In this case, 100 numbers need less than 100 calls to getrnd50

If you have 1000 values to shuffle

calls/sample 1.509

Answer 4

The performance penalty of your code is in that line

if (getrnd50() <= 25)

You need to find a way to get more information out of that single generated random number, otherwise you are wasting those costly generated resources. Here is my proposal for that:

First imagine that we would have a random number generator for the numbers 0-15. Every number can be represented as a path in a binary tree where the leafs represent the numbers. So we can say that we evaluate that if condition to true every time we walk left in the tree when starting at the root.

The problem is that the random number generator generates numbers in an interval that doesn't end at a power of two. So we need to expand that tree. This is done like so:
If the random number is in the range 0-31 we are fine with a tree for those numbers. If it is in the range 32-47 we use the tree from 0-15 for those and in the case 48-49 we use a tree for the numbers 0-1.
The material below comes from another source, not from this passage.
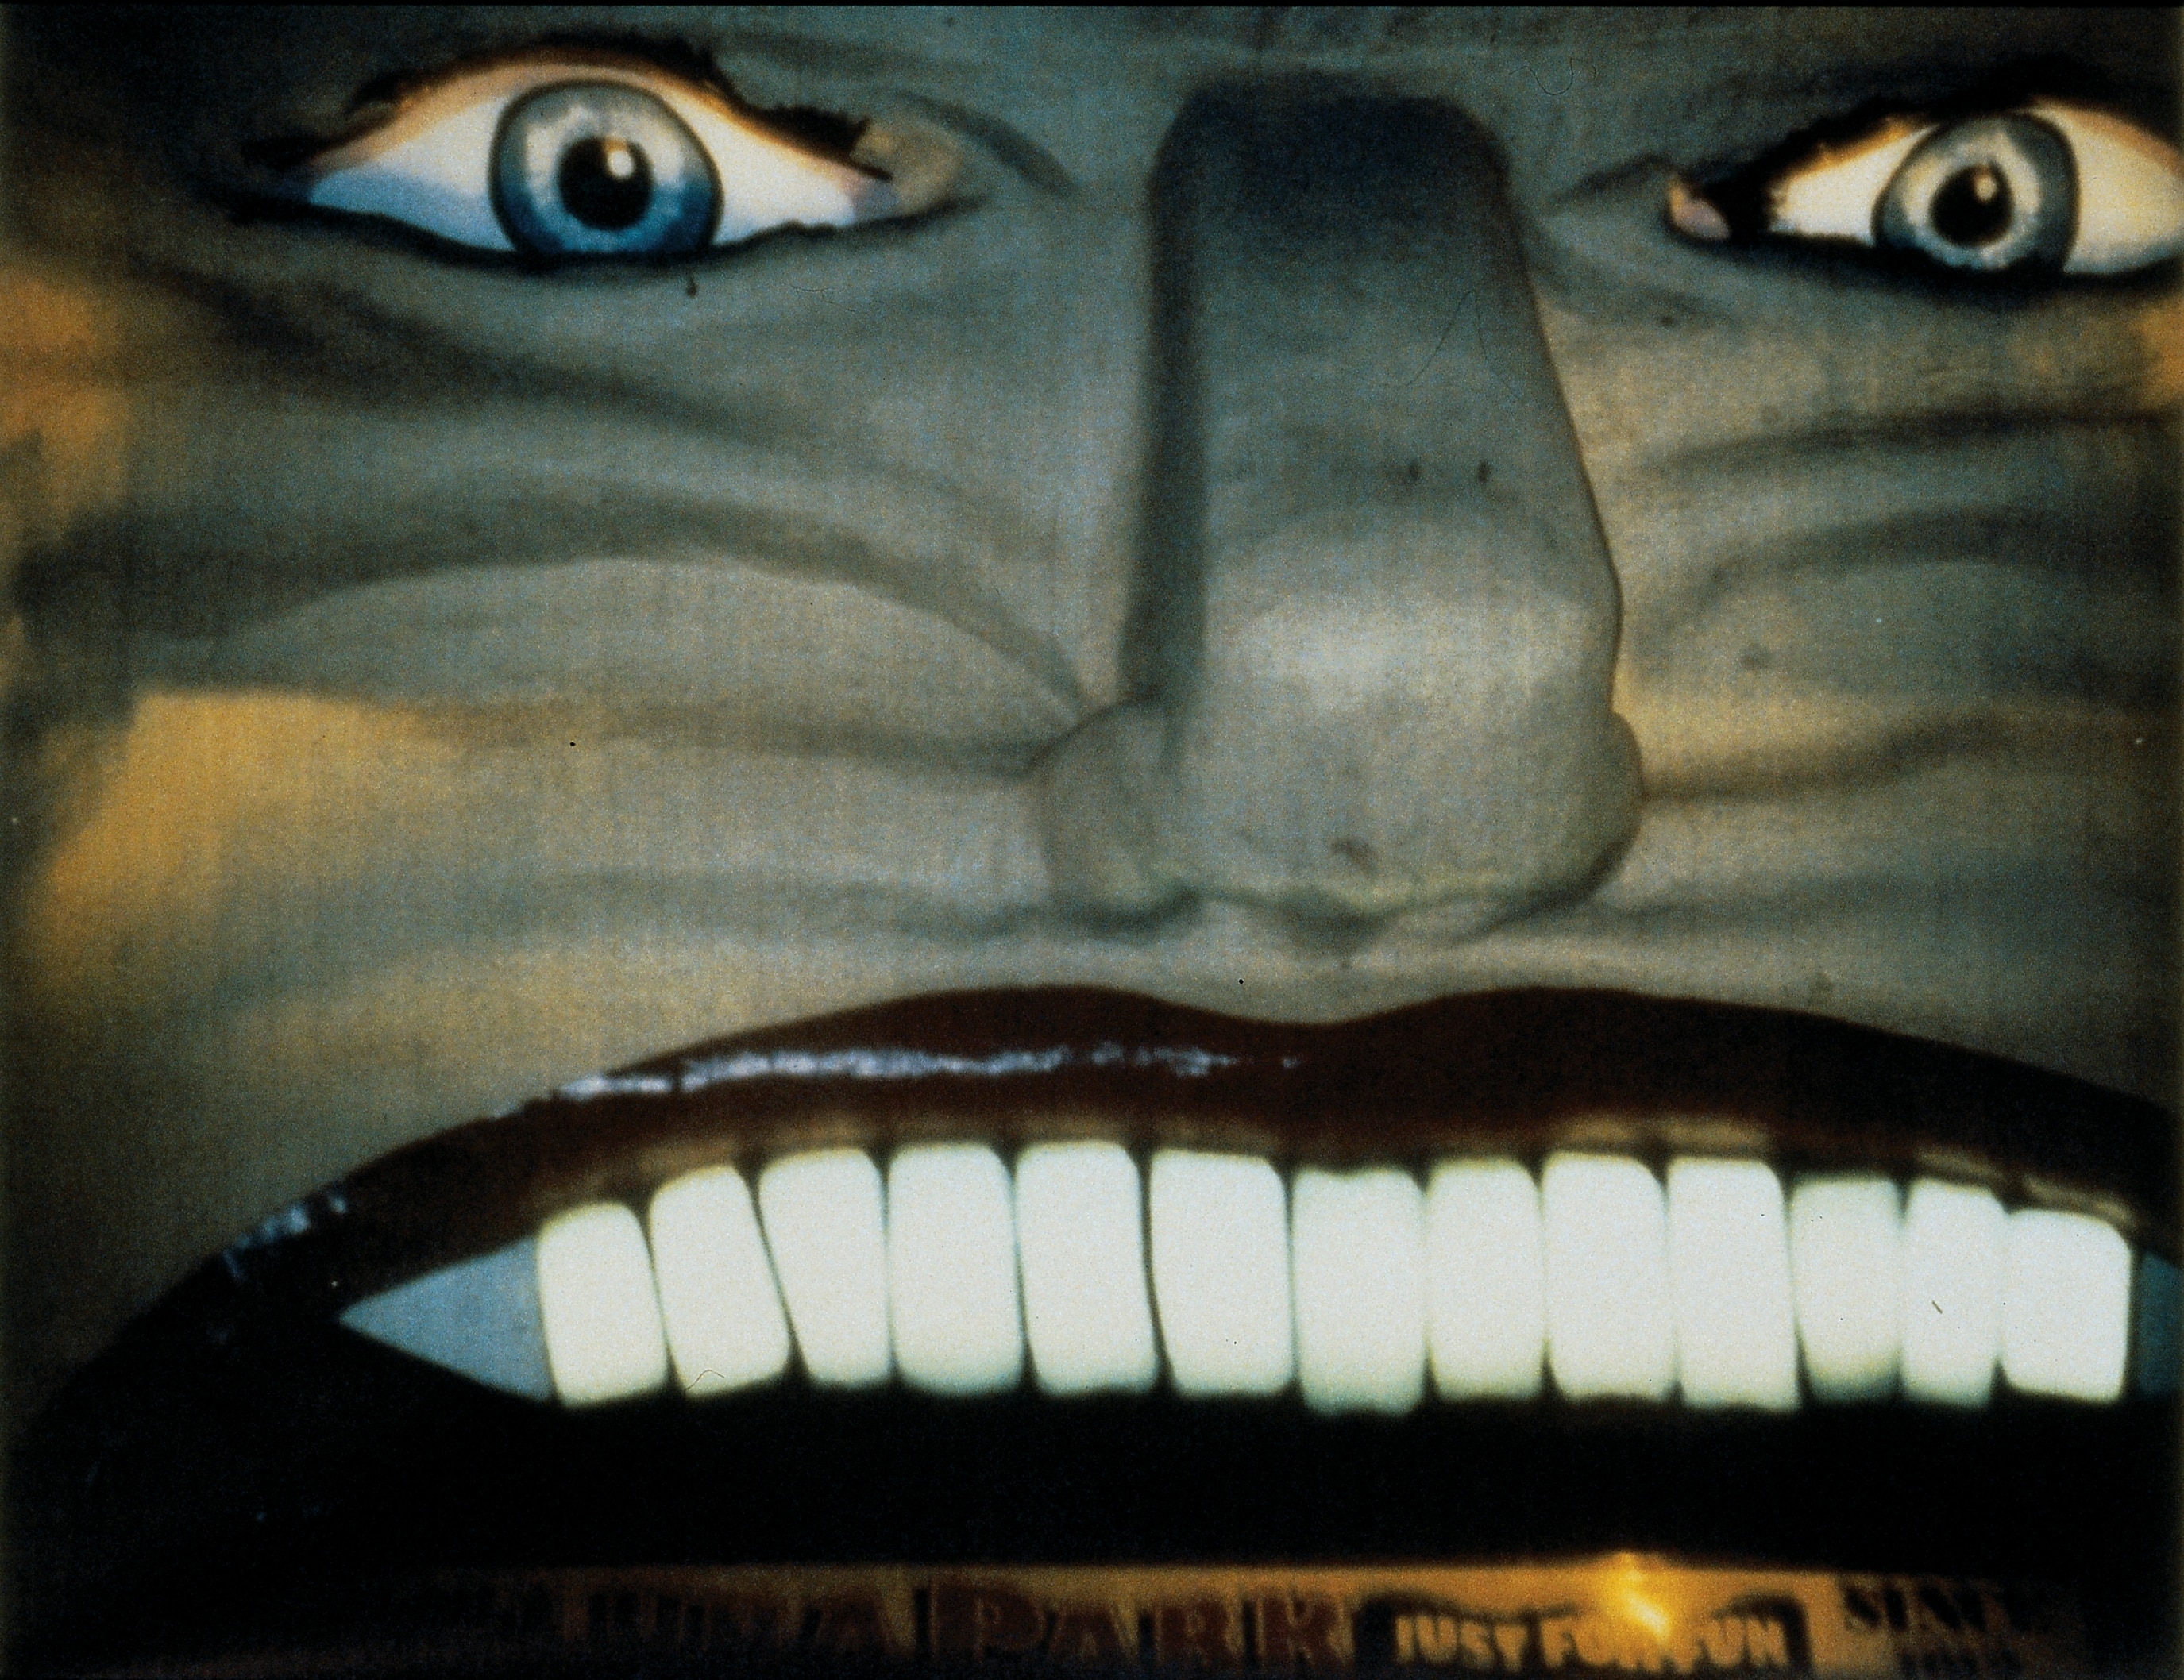 A 90s photograph of a sculpted face with white teeth, big eyes and nose, the old entrance to Melbourne's Luna Park

So in the worst case, we aren't using much more information from that random number, but in the most cases we are. So this should significantly improve the average case.

Answer 5

Ok, so you are allowed to print the last missing number of anny set of n numbers without it being generated by the random number generator?

If so you could make use of recursion and decrease the size of the set with each call, until you only have n=2 and then call getrnd50() once. when you go back recursively, simply print the missing number on each set.

Answer 6

 List<Integer> lint ; 

  public void init(){
      random = new Random();
      lint = new LinkedList<>();
      for(int i = 1 ; i < 101; ++i) {
          lint.add(i); // for truly random results, this needs to be randomized.
      }
  }

  Random random ; 
  public int getRnd50() {
      return random.nextInt(50) + 1;
  }

  public int getRnd100(){

      int value = 0;
      if (lint.size() > 1) {
          int index = getRnd50()%lint.size();
          value = lint.remove(index); 
      } else if (lint.size() == 1 ) {
          value = lint.remove(0);
      }      

      return value;      
  }

Call getRnd50() exactly 99 times. Its not truly random though since numbers stored in List of 100 integers are in sequence.

Answer 7

(1) Create an array A initialized with {1,...,100}. Keep a variable 'length' of this array.

(2) Create a random method to randomly generate a number from 1 to length. Each call of this method will call getrnd50() for no more than 2. Call the returned value as 'index'.

(3) Output A[index], swap A[length] to A[index] and length--.

(4) Repeat (1)-(3) until the array is empty.